This week the court’s Superior Number, which only sits for the most serious cases, sentenced Jersey-born Zac Christopher Oeillet to three-and-a-half years in prison after he pleaded guilty to two counts of importing controlled drugs.
Oeillet, who was unemployed at the time, was first stopped at Jersey Airport on 17 December last year having returned to
the Island with his wife from what the court heard had been a shopping trip to London.
When officers searched him they discovered a 186-milligram wrap of herbal cannabis, which he said he had forgotten about. As the quantity of the drug was relatively small, and for personal use, the case was dealt with at a parish hall inquiry.
But ten days later – on 27 December – Customs officers once again stopped Oeillet and his wife at the Airport, this time after returning from an apparent shopping trip to Oxford.
He denied having any illegal drugs in his possession. But swabs later found evidence of cocaine on his telephone and lighter, and traces of heroin and cocaine on his baggage.
The court heard that because he was then told he would be required to have a bowel movement, he drank and ate very little other than some ‘water, one croissant, part of a burger and some biscuits’. He was later taken to hospital complaining of chest pains, but was diagnosed with constipation. Oeillet was remanded in custody and declined food or drink on 27 occasions, refused to take laxatives on two occasions, or to use the toilet facilities.
Finally, on New Year’s Day, the court heard that he passed a white package which was found to contain fourteen pellet-sized wrappings, totalling 1.38 grams of heroin, with a purity of 53%.
Oeillet pleaded guilty to both offences in the Royal Court in March.
At this week’s sentencing, Crown Advocate Chris Baglin, prosecuting, urged the court to impose a three-and-half-year term.
Oeillet’s defence lawyer, however, argued that given only a relatively small amount of drugs was involved, that it was for personal use, and that he was not going to gain financially from importing them, a much shorter sentence of 15 to 18 months would be more appropriate. Advocate Lucy Marks, defending, said Oeillet’s actions had been ‘a one-off foolish mistake’.
Deputy Bailiff Robert MacRae said Oeillet had been foolish not to take advantage of the chance given to him by the Centenier who had dealt with him following the first incident.

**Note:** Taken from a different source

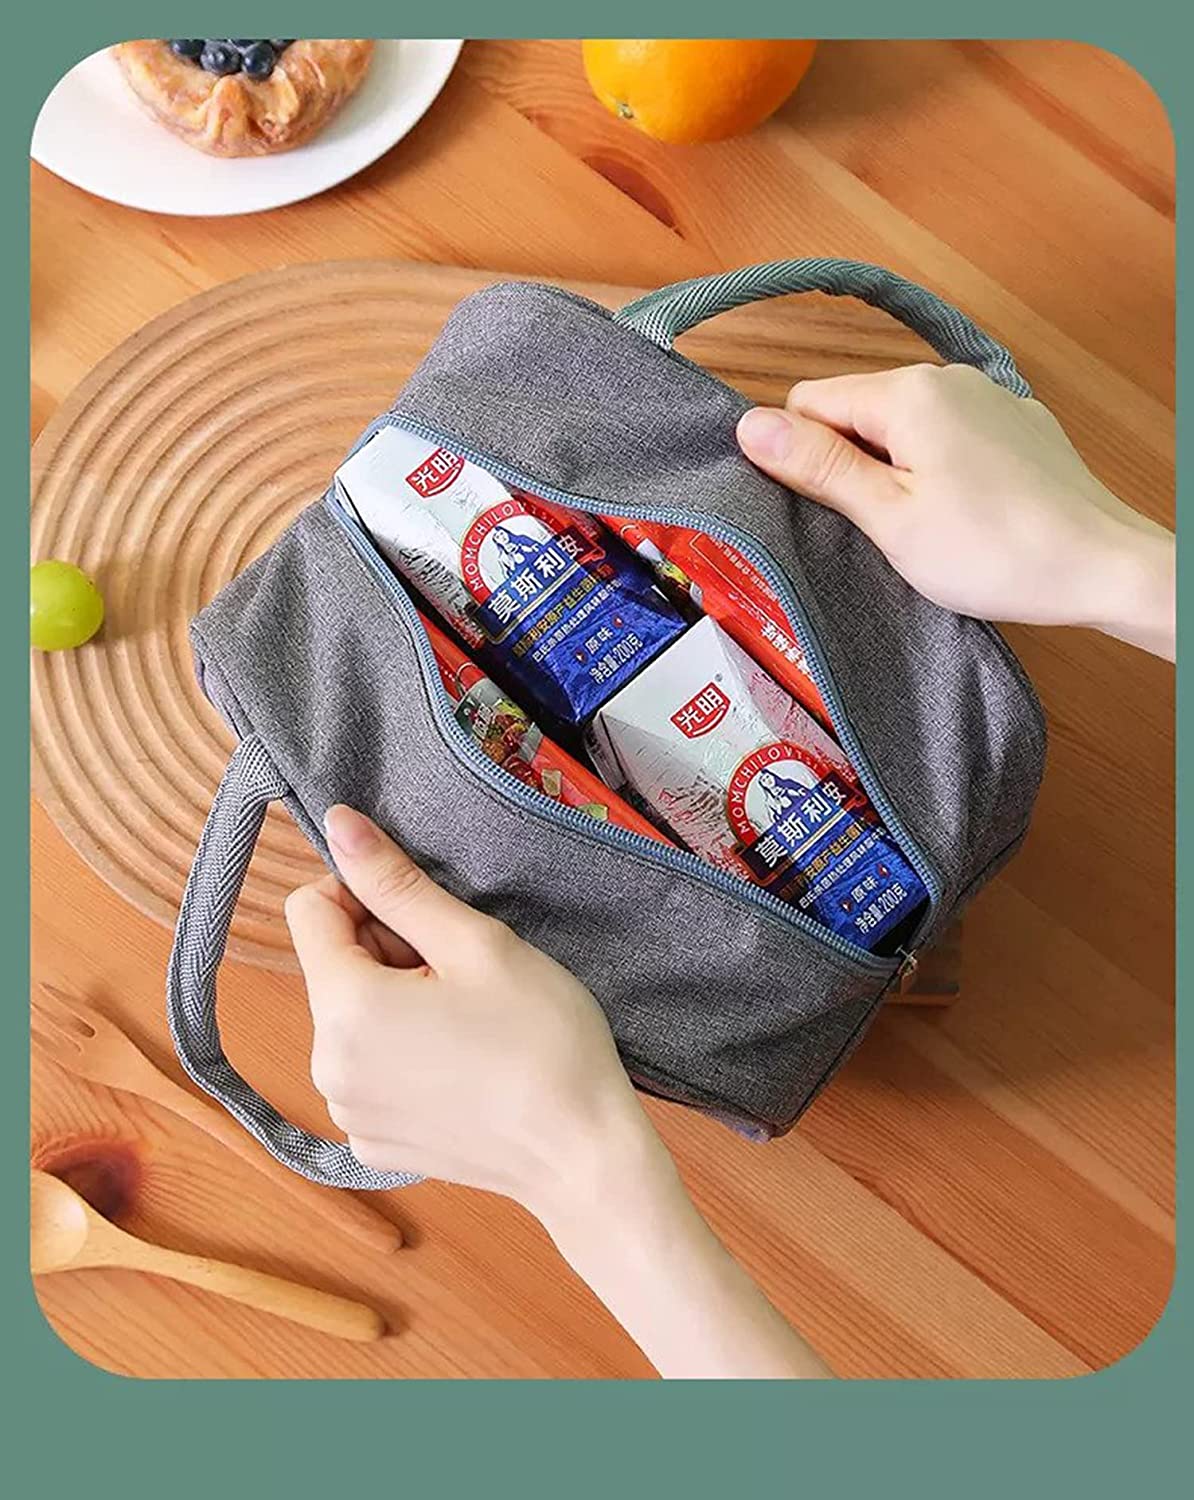 Insulated Reusable Lunch Bag

Mr MacRae also noted Oeillet ‘could not have been much more uncooperative than [he was]’, and the court agreed with the prosecution that he should go to prison for three-and-a-half years.
Because of procedural changes due to Covid-19, Oeillet appeared by video link from the prison at La Moye. Those changes also mean only three Jurats are necessary to constitute the Superior Number. The Deputy Bailiff was sitting with Jurats Anthony Olsen, Steven Austin-Vautier and Rozanne Thomas.